Decir eso me costó más de lo que creí, como si hubiera caído en cuenta de algo que me negaba a aceptar. Al mirar de reojo a mi acompañante me pareció ver un poco de alivio en su semblante, probablemente me equivocaba.
— Tienes mejores candidatos en quienes fijarte que Zed -soltó con naturalidad, como si ese dato no fuera un secreto que me empeñaba por ocultar.
No puede ser que él lo sepa.
¿Cómo no lo sabría si siempre lo miras como si fuera la última paleta de hielo en medio del desierto?
— ¿Cómo sabes que él me gusta?
— Tu sonrojo en la cafetería al verlo lo dice todo.
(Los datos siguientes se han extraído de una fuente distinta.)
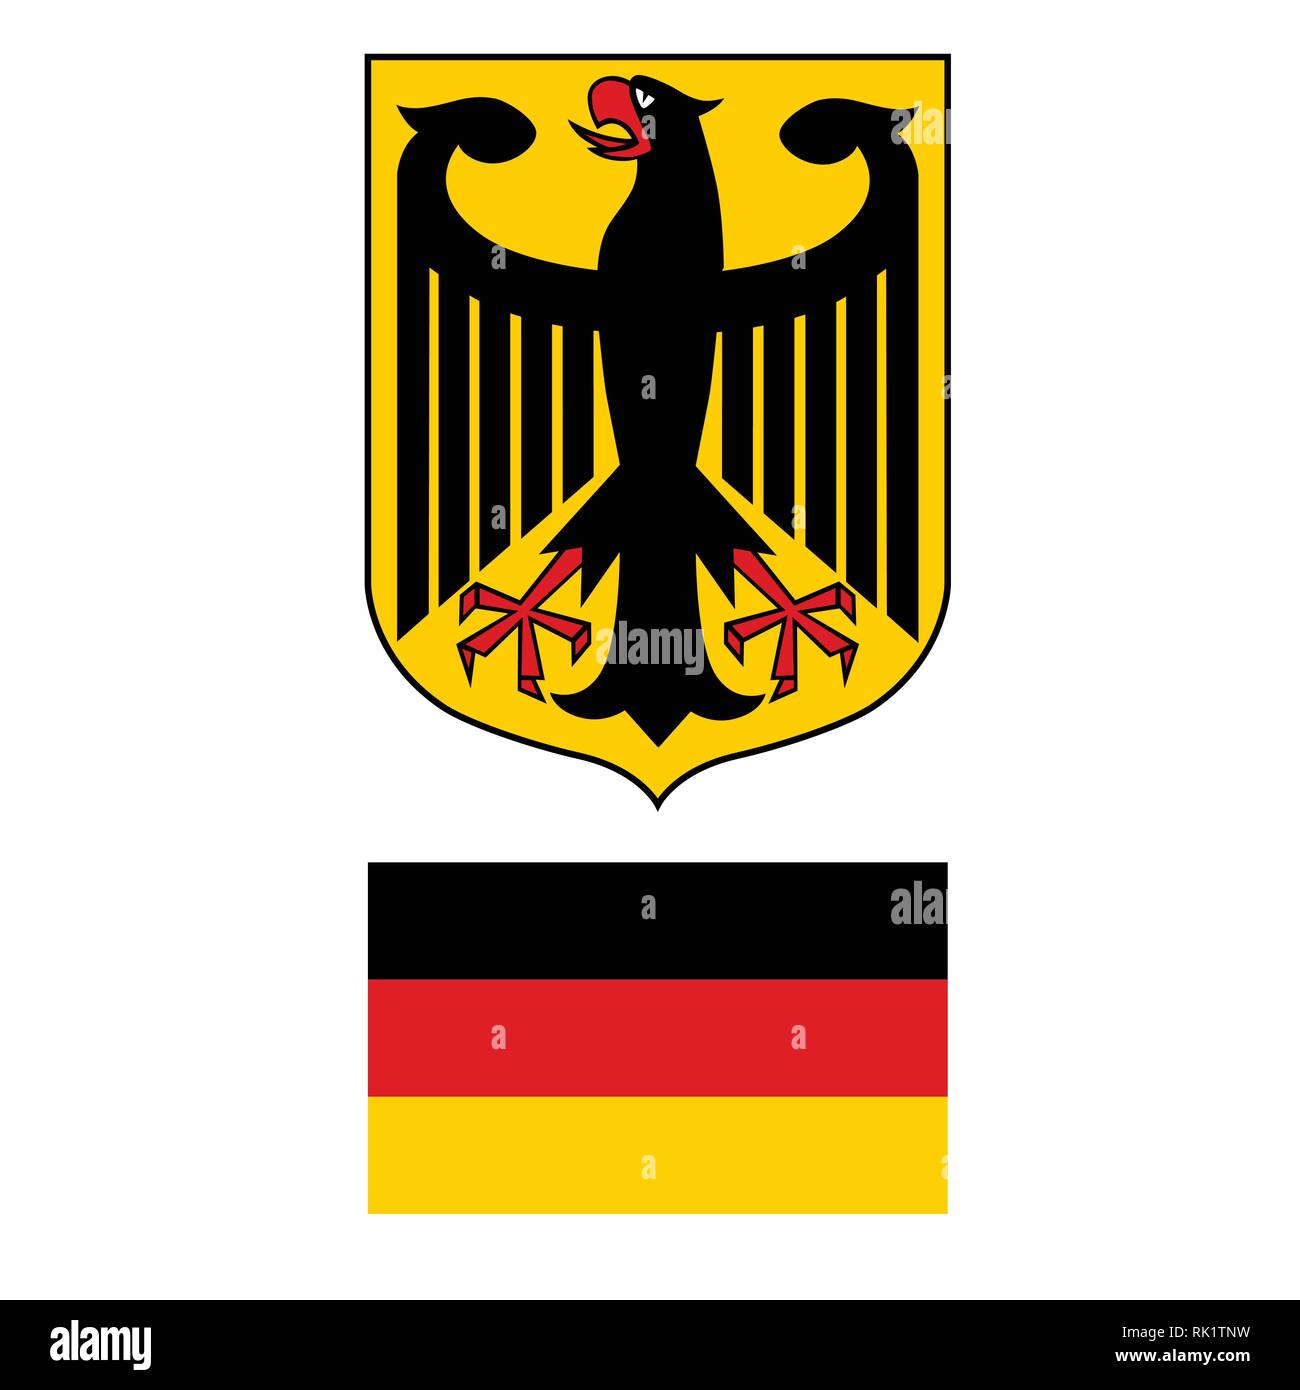 Coat of Arms SHIELD Germanys Flag Colors Black Red Yellow & Cross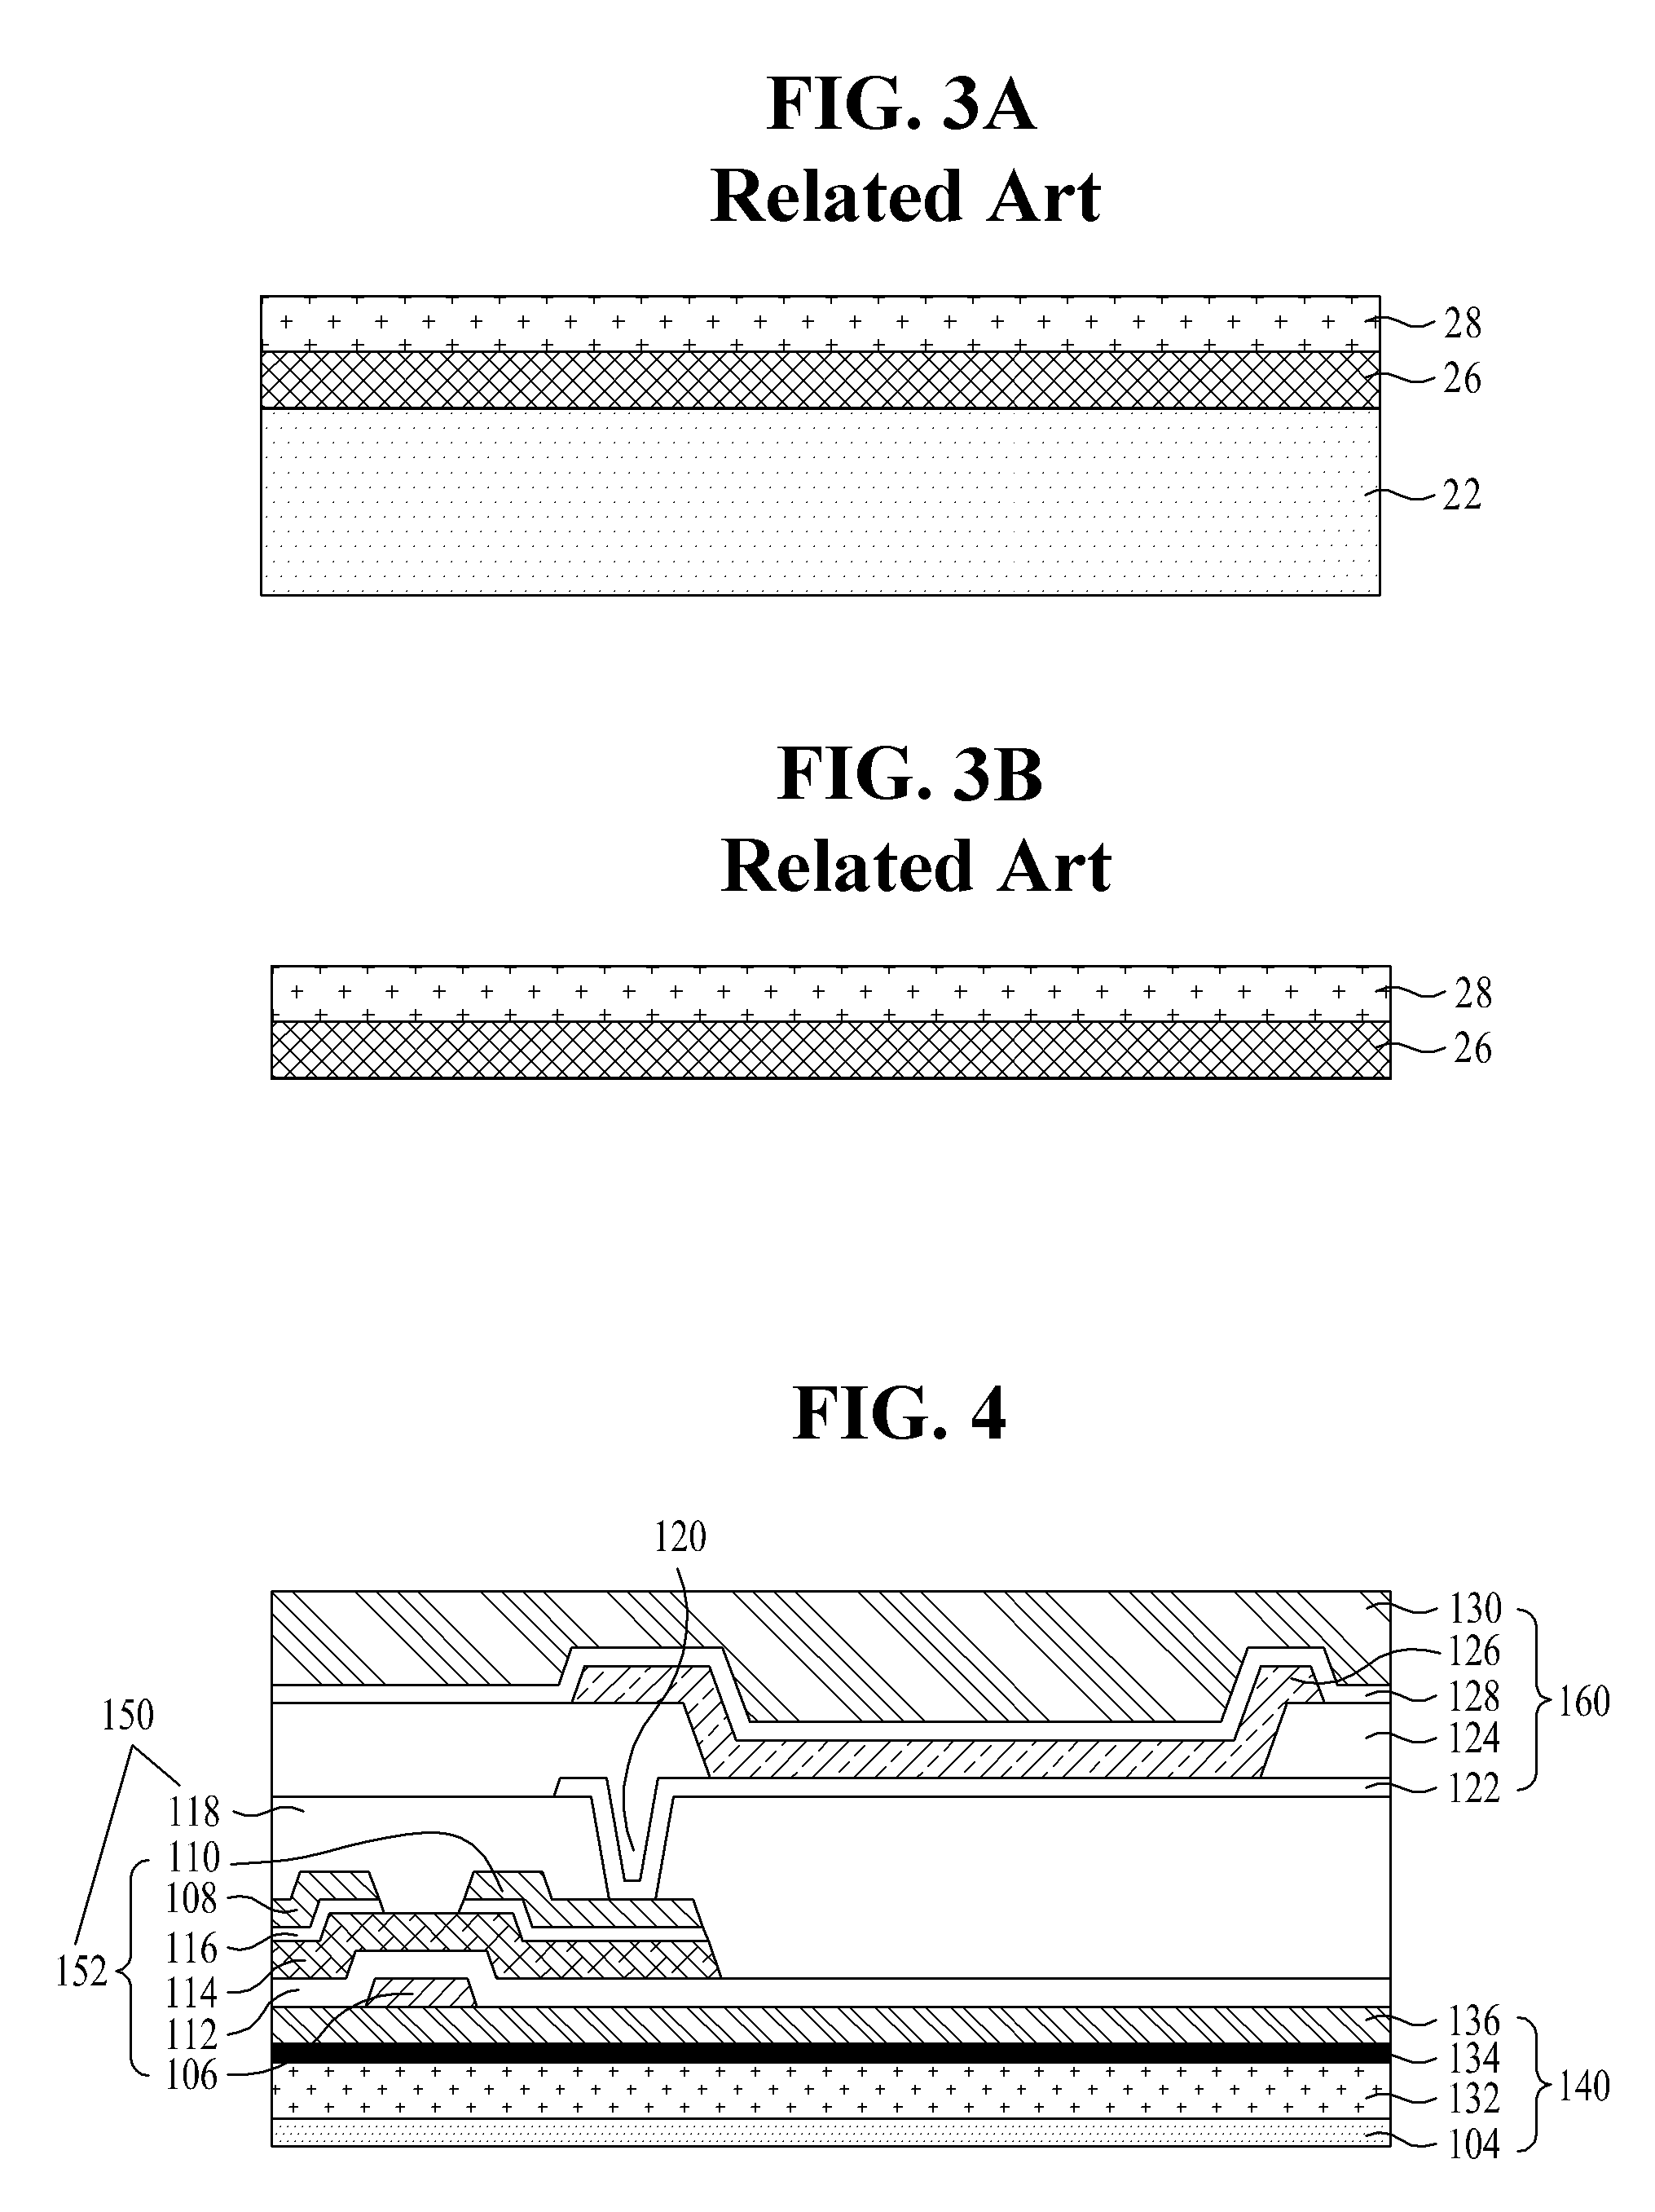 Flexible substrate and method for fabricating flexible display devicve having the same

Si te hace sentir mejor lo sabes disimular mejor que otras.
No, eso no me hacía sentir mejor.
Ya habíamos llegado al estacionamiento y cerca de nosotros estaba mi auto por lo que esa conversación ya la daba por muerta.
— Me estacioné por allá -dije señalando a la derecha-. ¿Dónde está el tuyo?
— En el estacionamiento del departamento, vine en el auto de Selene, cada semana nos turnamos el conductor asignado.
— ¿Pensabas cargar la despensa desde el súper al departamento? -pregunté caminando hacia mi auto con él a mi lado, era obvio que nos iríamos juntos.
— No, pensaba regresar en transporte, después de todo no iba a comprar tantas cosas. ¿Y tú? ¿Pensabas comprar la despensa y hacer esperar a tus amigas si no hubiera pasado el percance de Jess?
— No, muy probablemente hubiéramos entrado las tres y no sería la única en comprar mi despensa.
Quité el seguro de mi auto y los dos entramos de nuestro lado correspondiente, dejando nuestras cosas en el asiento trasero.
— ¿Por qué no decidiste compartir piso con alguna de las dos? -0preguntó mientras yo empezaba a sacar el auto del estacionamiento.
— Porque Jess comparte departamento con su hermano y Kyle prefiere conservar su individualidad con la excusa de “no quiero arruinar nuestra amistad” la verdad no la culpo. ¿Y tú? ¿Por qué no compartes piso con Selene o Tyler?
— Tyler sigue viviendo con sus padres, según él así no gasta más de lo que debe y Selene vive en una residencia de “solo chicas”, no tenía muchas opciones.
Me quedé en silencio, mirando al frente y conduciendo con precaución.
Después de comprar unas cuantas cosas (pastas, huevo, café y de más) por fin habíamos llegado al departamento, cada uno cargando sus cosas de la universidad y dos bolsas con despensa.
Asher fue el que abrió la puerta con habilidad, yo con mucha dificultad podría haberlo hecho y quizás se me habrían caído varias cosas en el proceso.